- _Input data_:
┄┄┄┄┄┄┄┄┄┄
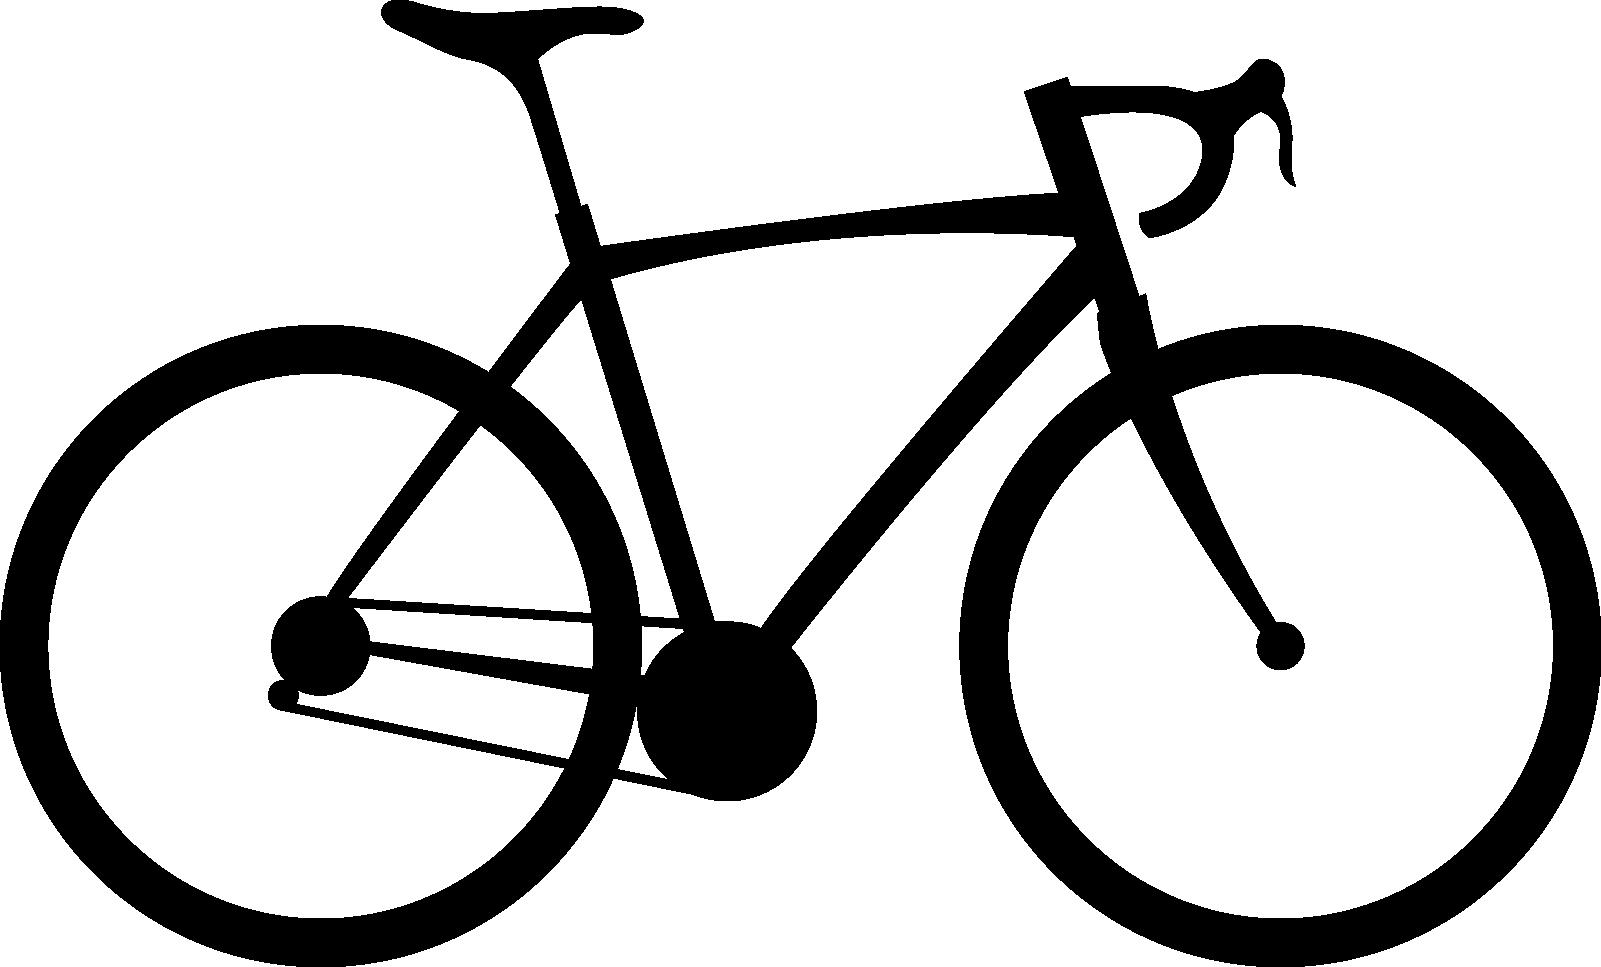 banner transparent stock cUNRMPQ
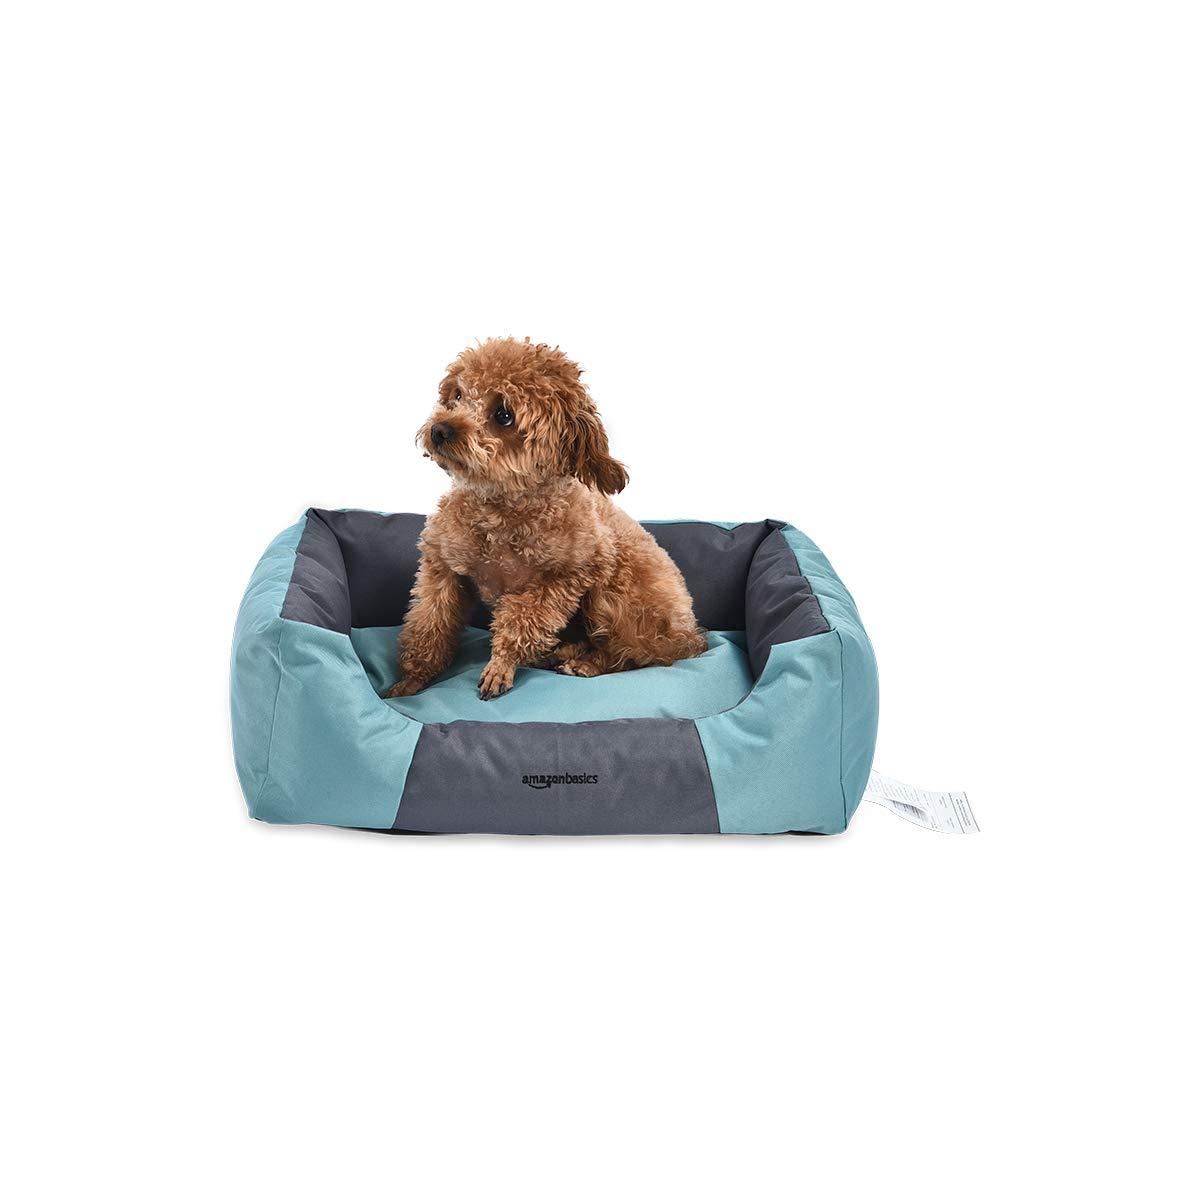 Amazon Basics Water-Resistant Pet Bed, Rectangular
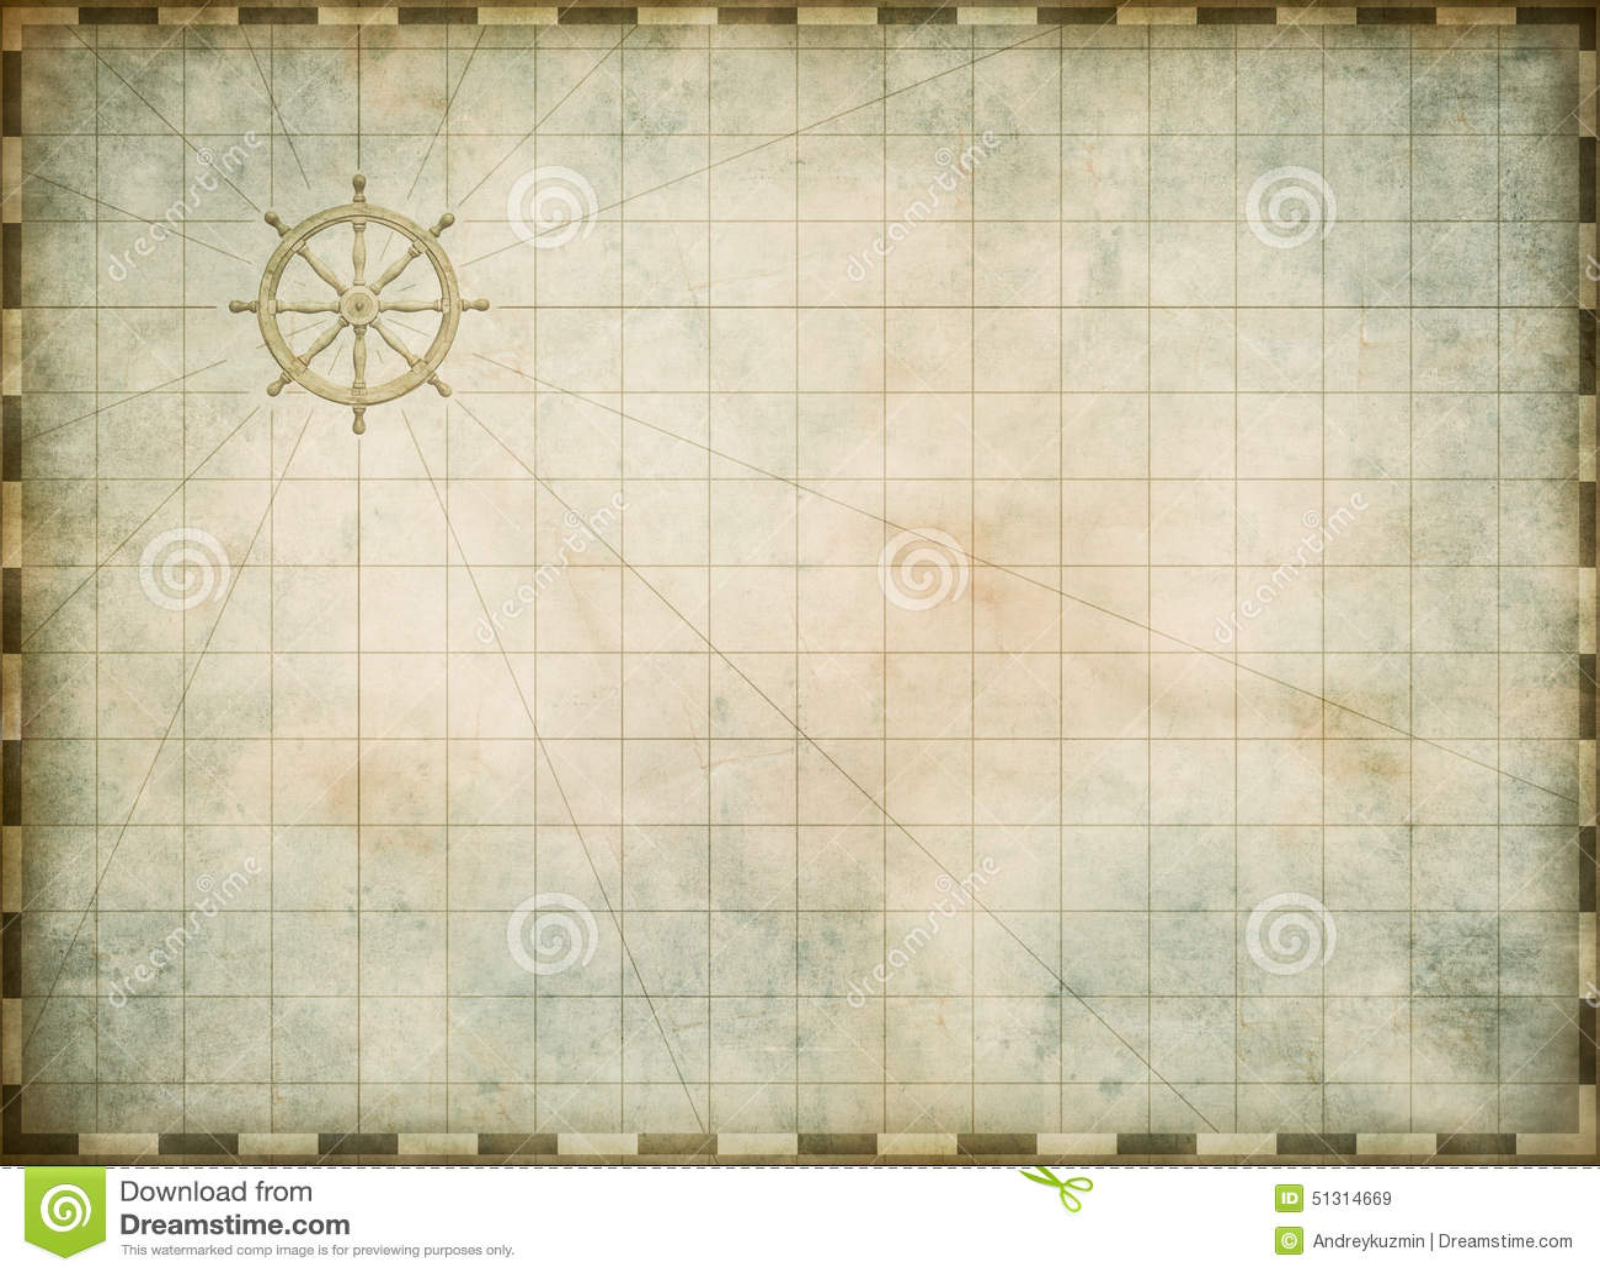 Vintage Nautical Map 26
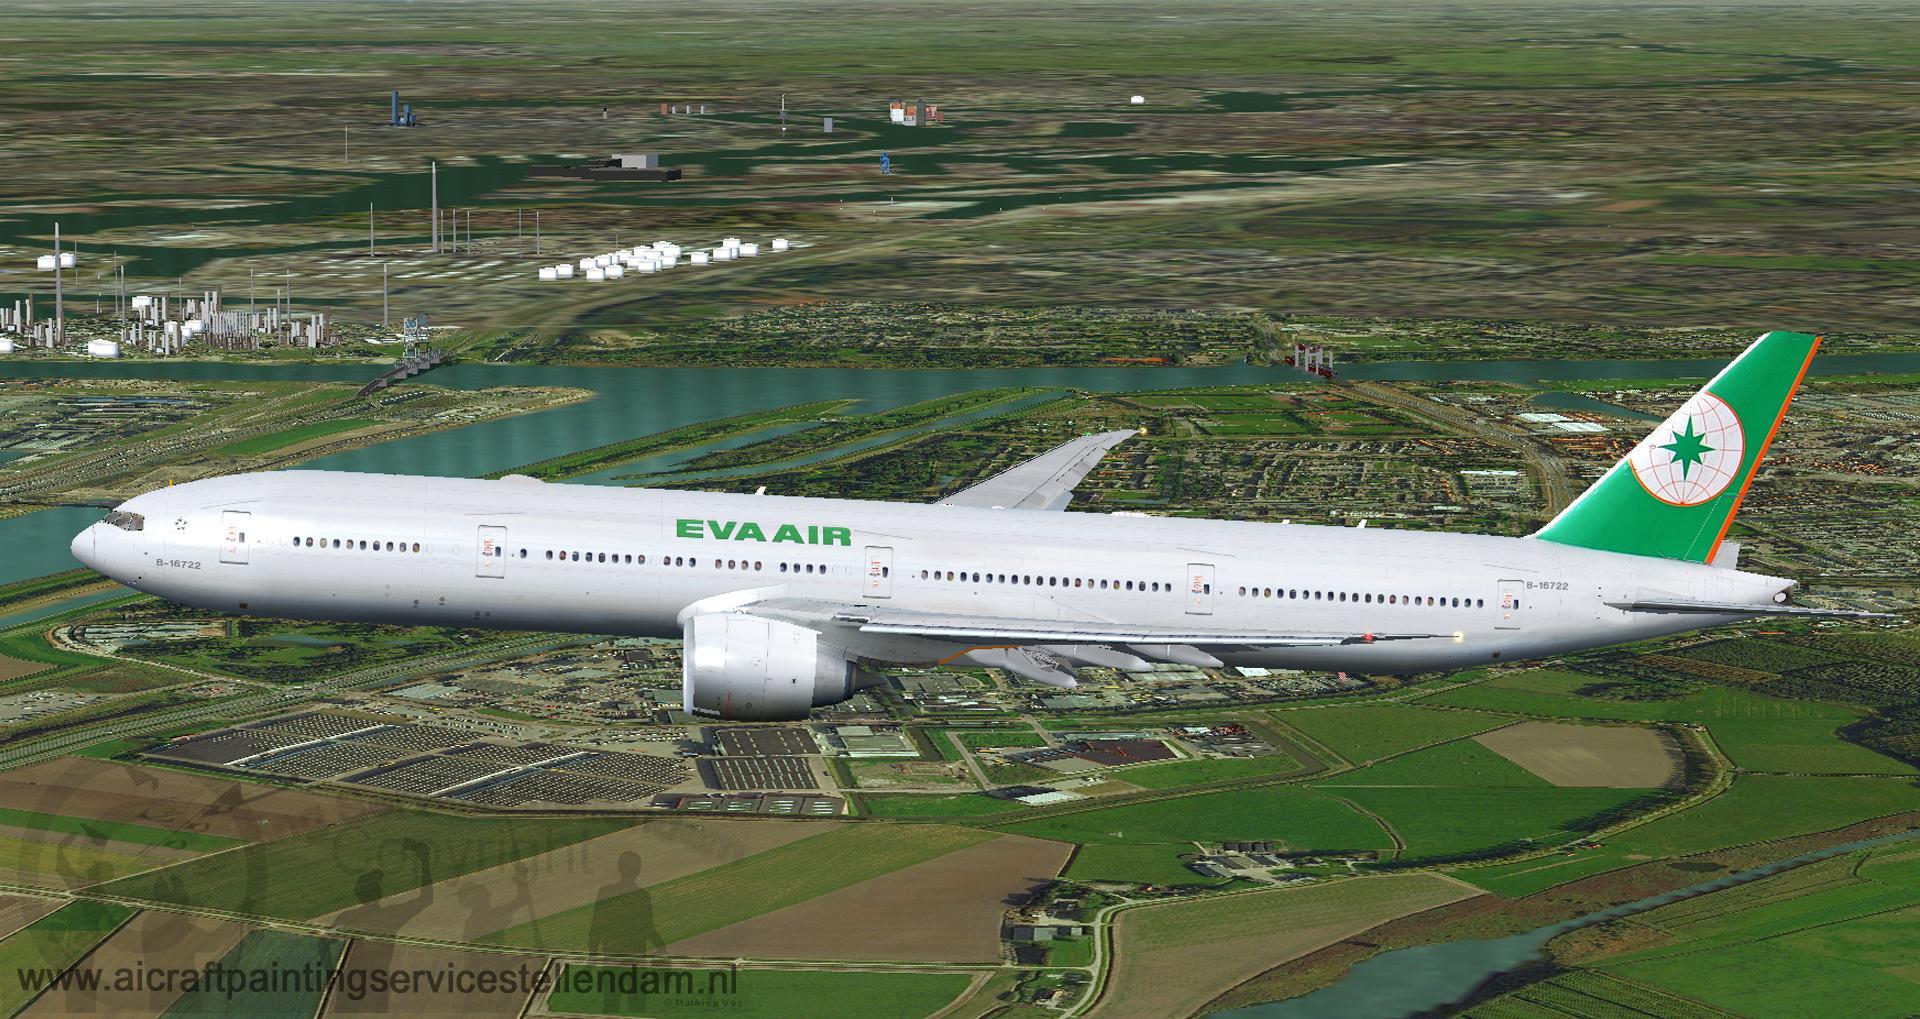 SkySpirit2012B777-36N(ER)EvaAirways_White_B-16722_5
┄┄┄┄┄┄┄┄┄┄
- _Brief_:
Would you reproduce the listing above exactly, without any of its images?

- _Response to this task_:
 banner transparent stock cUNRMPQ
 Amazon Basics Water-Resistant Pet Bed, Rectangular
 Vintage Nautical Map 26
 SkySpirit2012B777-36N(ER)EvaAirways_White_B-16722_5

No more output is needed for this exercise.